Con l’insediamento del presidente Trump, a cui si attribuisce praticamente il merito di aver raggiunto questo accordo, Israele potrebbe avanzare su diverse questioni irrisolte, in particolare quelle relative alla sicurezza e alle minacce ai suoi confini. L’accettazione del cessate il fuoco a Gaza da parte di Netanyahu può essere vista come l’apertura della porta a due principali questioni. La prima è interna: riguarda il suo governo e le alleanze politiche interne, in particolare ciò che Netanyahu potrebbe offrire a Smotrich in termini di concessioni per ottenere la sua accettazione della prima fase dell’accordo, soprattutto dopo le dimissioni di Ben Gvir. Ciò potrebbe significare attribuire a Smotrich concessioni soddisfacenti sulla questione che lo ha coinvolto maggiormente di recente, vale a dire la Cisgiordania e l’annuncio ufficiale dell’annessione di alcune sue parti.

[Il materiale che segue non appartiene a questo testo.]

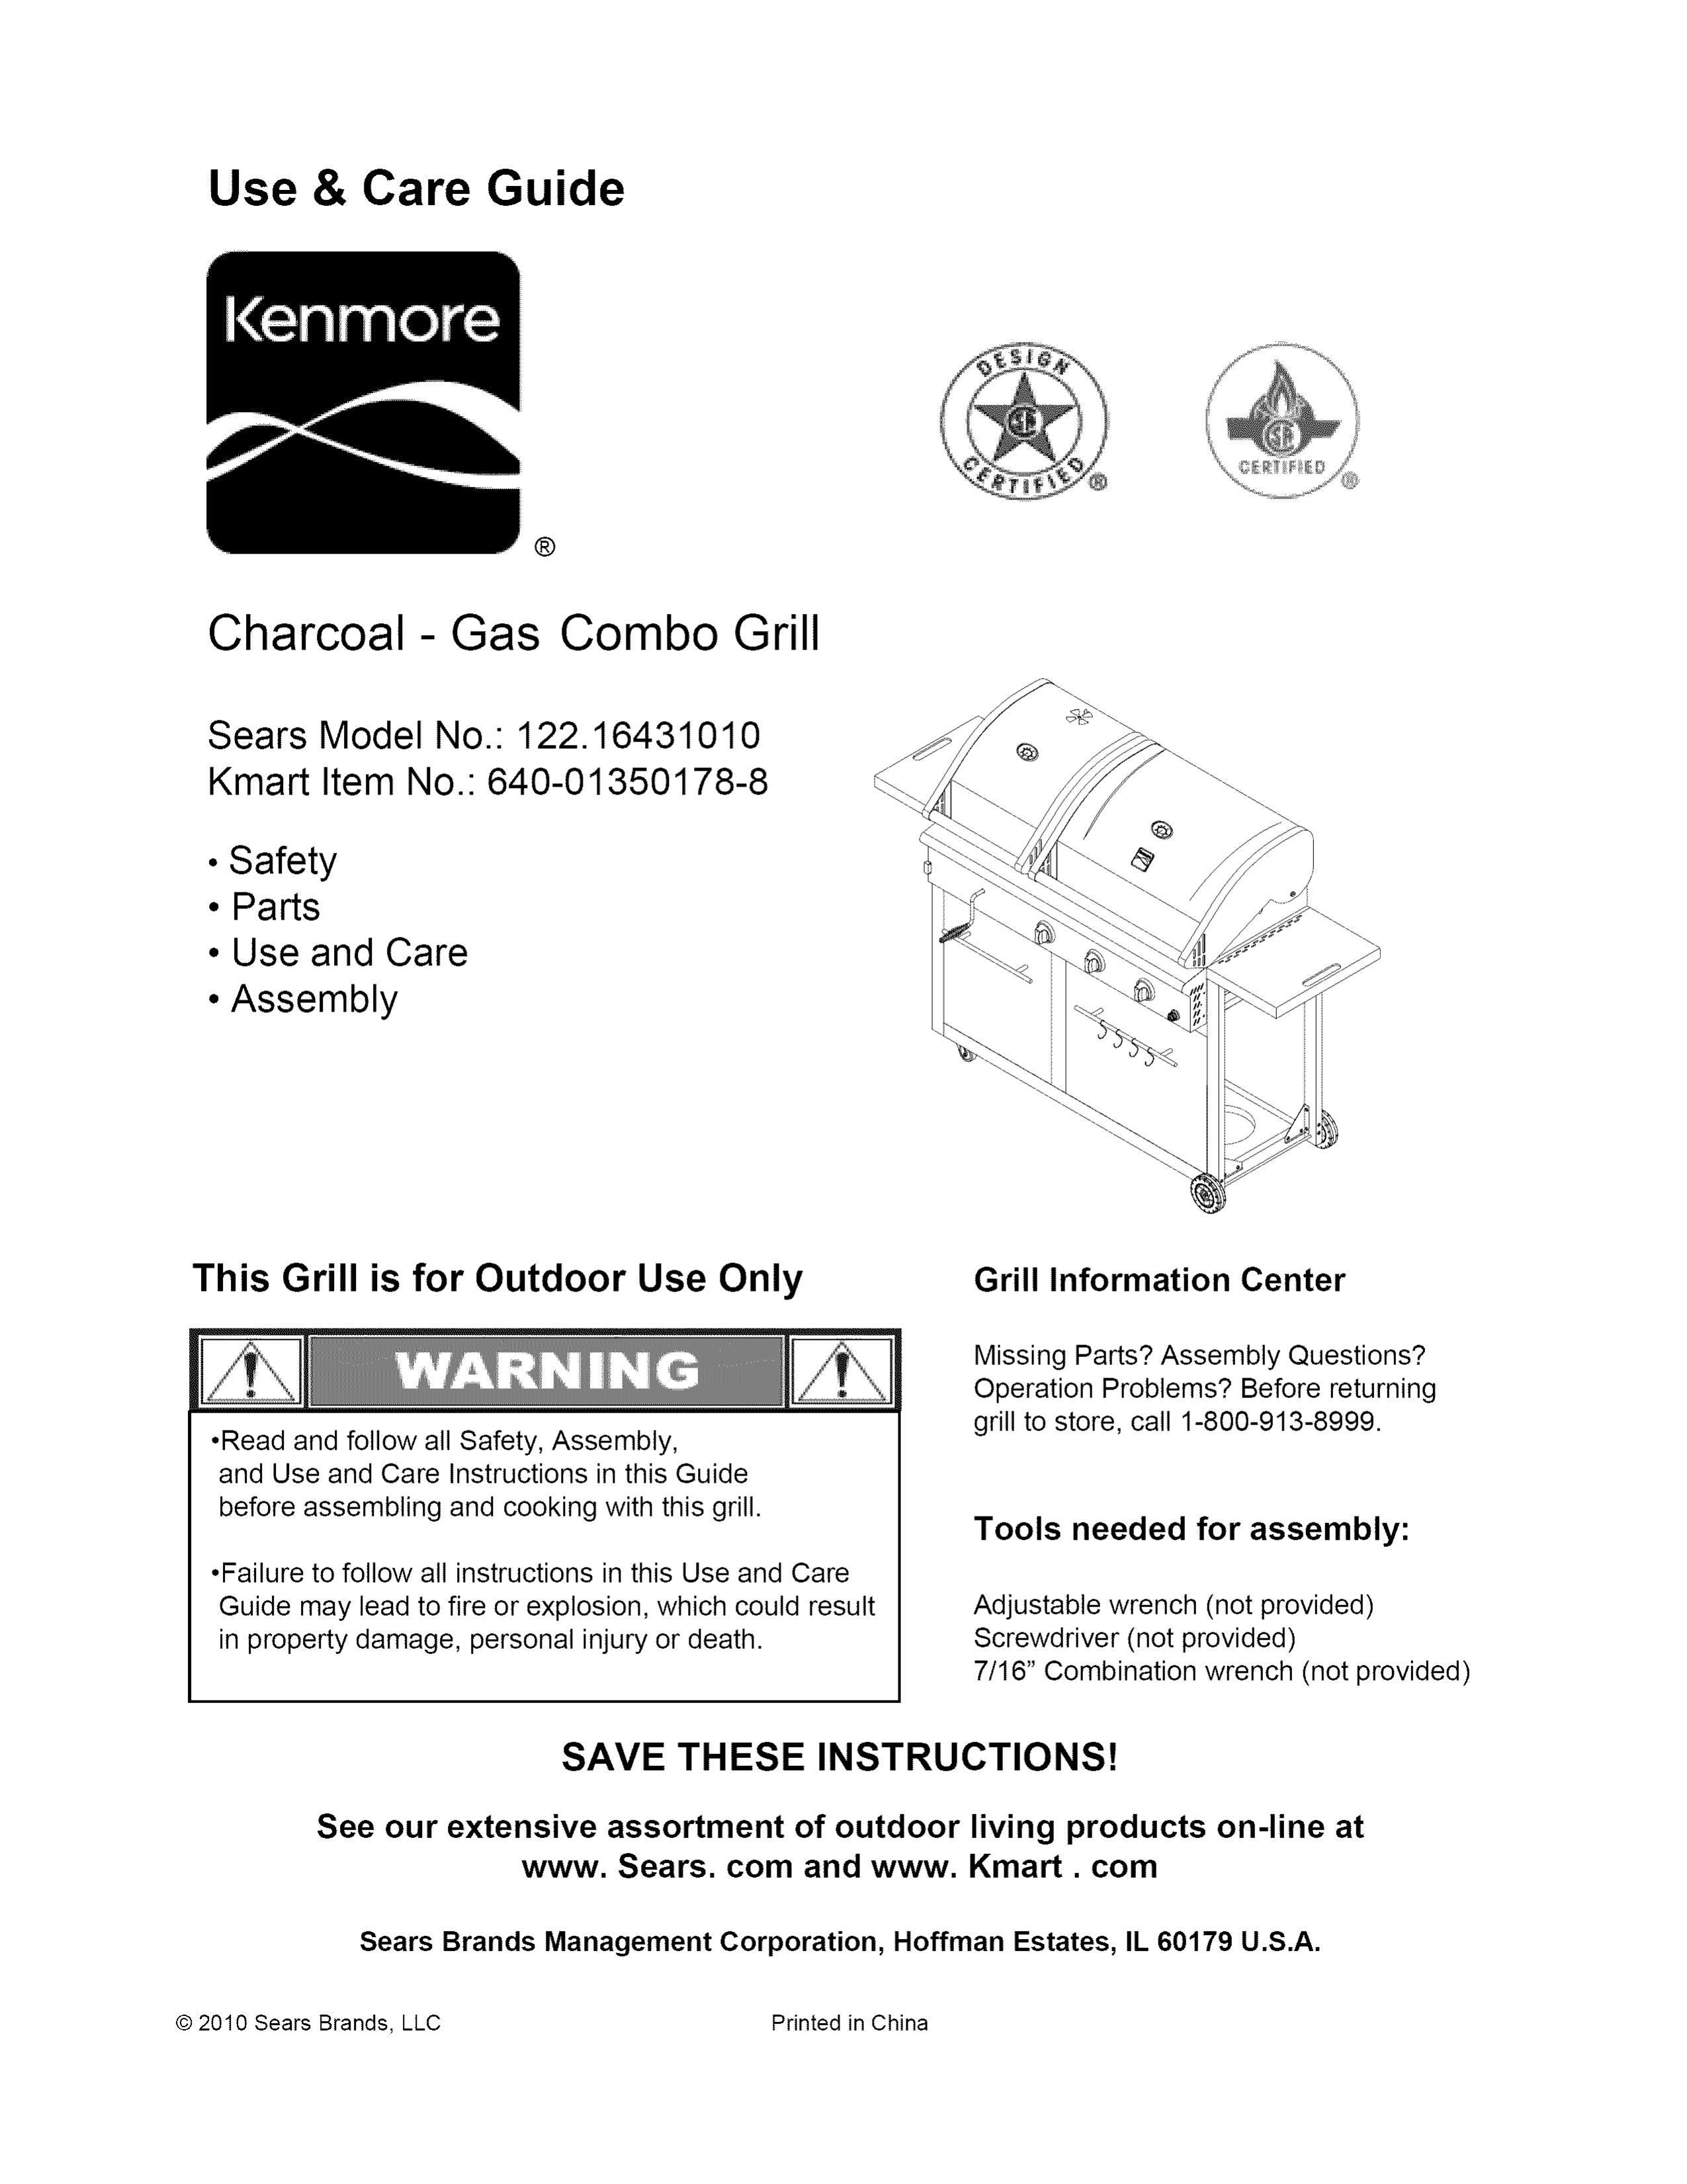 Kenmore 122.1643101 Gas Grill User Manual
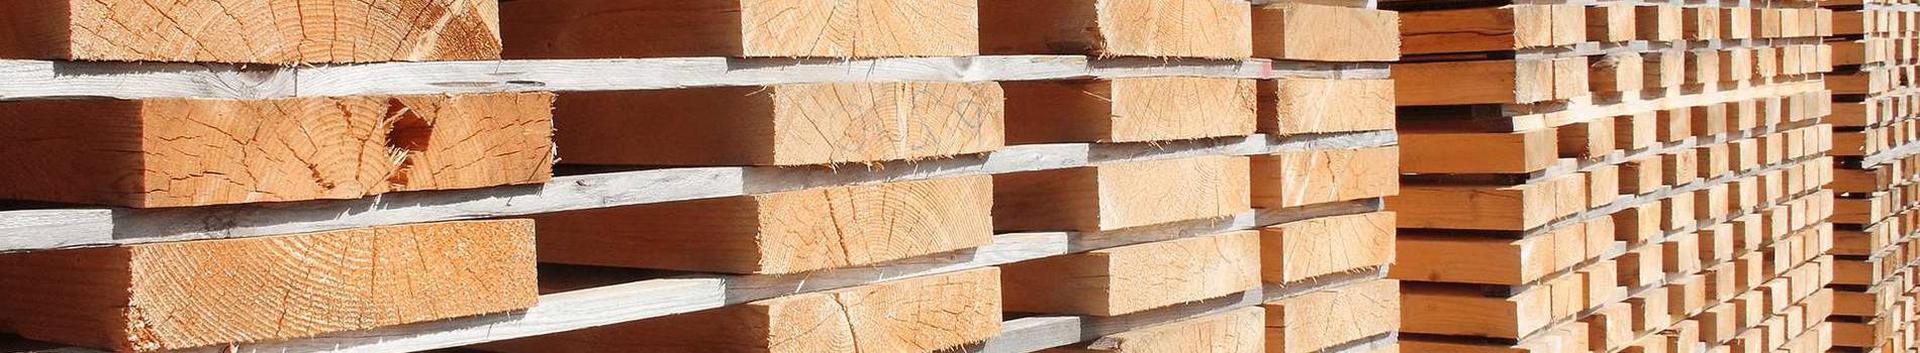 AS Laesti operates two sawmills: Savi sawmill and Sauga sawmill with combined annual production of about 120000m3 sawn timber with ratio 40-60 pine/spruce.

La seconda è americana: Netanyahu cercherà probabilmente di affrontare questioni irrisolte riguardanti Iraq, Iran e Yemen, che sono priorità assolute per Israele. La fase iniziale delle relazioni con la nuova amministrazione americana potrebbe concentrarsi su obiettivi condivisi. Le concessioni presentate oggi come quelle che hanno costretto Israele ad accettare il cessate il fuoco offrono a Netanyahu una leva significativa per spingere avanti su altri fronti, soprattutto mentre l’amministrazione Trump si posiziona come mediatrice di pace e stabilità regionale. Ciò richiederà di affrontare questioni di sicurezza irrisolte, tra cui l’influenza iraniana nella regione, dall’Iraq allo Yemen e persino all’interno dell’Iran stesso.
Per Hamas, la prossima battaglia sarà politica a ogni livello: palestinese, arabo e internazionale. Il movimento deve considerare seriamente l’adozione di politiche più vicine al pragmatismo politico e sviluppare soluzioni per evitare futuri bersagli. Gli approcci utilizzati durante la fase di negoziazione non saranno sufficienti per la fase post-negoziazione. Sebbene il raggiungimento del cessate il fuoco sia una tappa significativa, non può essere paragonato alle sfide interne che tutti a Gaza devono affrontare. Ciò richiede una vera revisione interna, non solo delle strategie, dei metodi e dei leader del movimento che hanno dominato la scena nella fase passata, ma anche delle sue relazioni con gli stati arabi e del ruolo che può svolgere in futuro. In particolare, poiché l’internazionalizzazione di Gaza è diventata inevitabile, a partire dagli sforzi di soccorso umanitario e fino al più ampio processo di ricostruzione e alla supervisione internazionale della situazione interna di Gaza, inclusi i suoi confini e passaggi.
Simile all’accordo con il Libano, il cessate il fuoco a Gaza appare accettabile nella sua fase iniziale. Tuttavia, sarà indubbiamente più fragile nelle fasi successive, specialmente date le contraddizioni tra alcune delle sue disposizioni e il desiderio di Israele di mantenere un controllo di sicurezza rigoroso. Ciò include questioni relative alla sicurezza, alla sorveglianza e alla gestione delle frontiere, nonché il diritto rivendicato da Israele di condurre operazioni contro ciò che percepisce come minacce alla sicurezza.